If the response is large (>20 items), you may group by category for readability, but the union of all groups in your final answer must equal the union of items in the tool response. The user is asking a factual question — partial answers are worse than truncated answers, because partial answers look complete.

If you are unsure whether a response was truncated, count the items in the body vs the count in the "Found N nodes / N edges" header. Mismatch = truncated. Match = enumerate everything.

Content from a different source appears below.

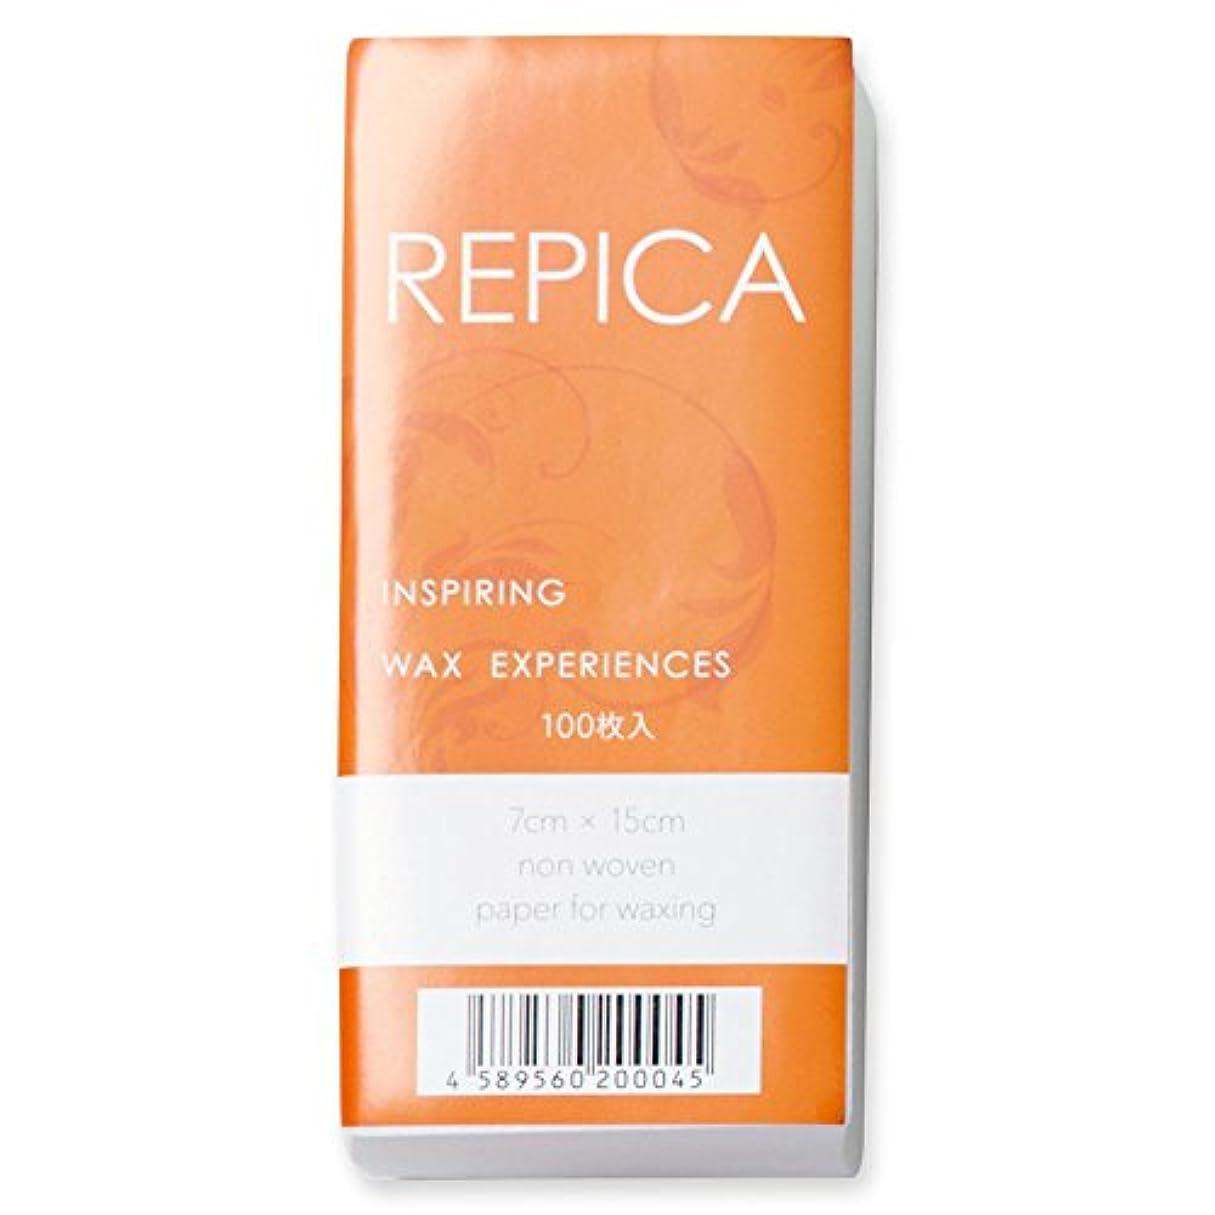 復活させるスリラー糞REPICA ブラジリアンワックス脱毛 カットペーパー Mサイズ100枚入り×1個 ワックス脱毛 ワックスシート ストリップシート

### Rule 6a: `account_ids` Is for CLOUD Accounts, NOT Kubernetes Namespaces
The `account_ids` parameter and the cloud account names that resolve to it (`aws-prod`, `dev-aws`, `k8s-dev`, `k8s-prod`, etc.) refer to entries in the `cloud_accounts` table — they are LOGICAL CLOUD ACCOUNTS. Each may contain MULTIPLE Kubernetes namespaces. They are NOT Kubernetes namespace names.

Implications:
- If the user says *"in the k8s-dev account"*, that resolves to a cloud_account_id (UUID) used to scope KG queries. It is NOT a `kubectl -n k8s-dev` namespace — that namespace does not exist.
- Never pass an account name (`k8s-dev`, `aws-prod`) as a `kubectl get -n <ns>` argument. Kubectl will return "namespace not found" and you will be tempted to conclude the resource doesn't exist — when really you just used the wrong identifier in the wrong tool.
- If the user is asking a KG-shaped question (dependencies / topology / connectivity), keep the question entirely in SDG/KG. Do NOT switch to kubectl because SDG returned an empty / "unable to determine" response — kubectl operates on runtime state in ONE cluster and has no visibility into KG topology.
- Cross-namespace facts within an account live in the KG: a single SDG search will surface every namespace inside the account.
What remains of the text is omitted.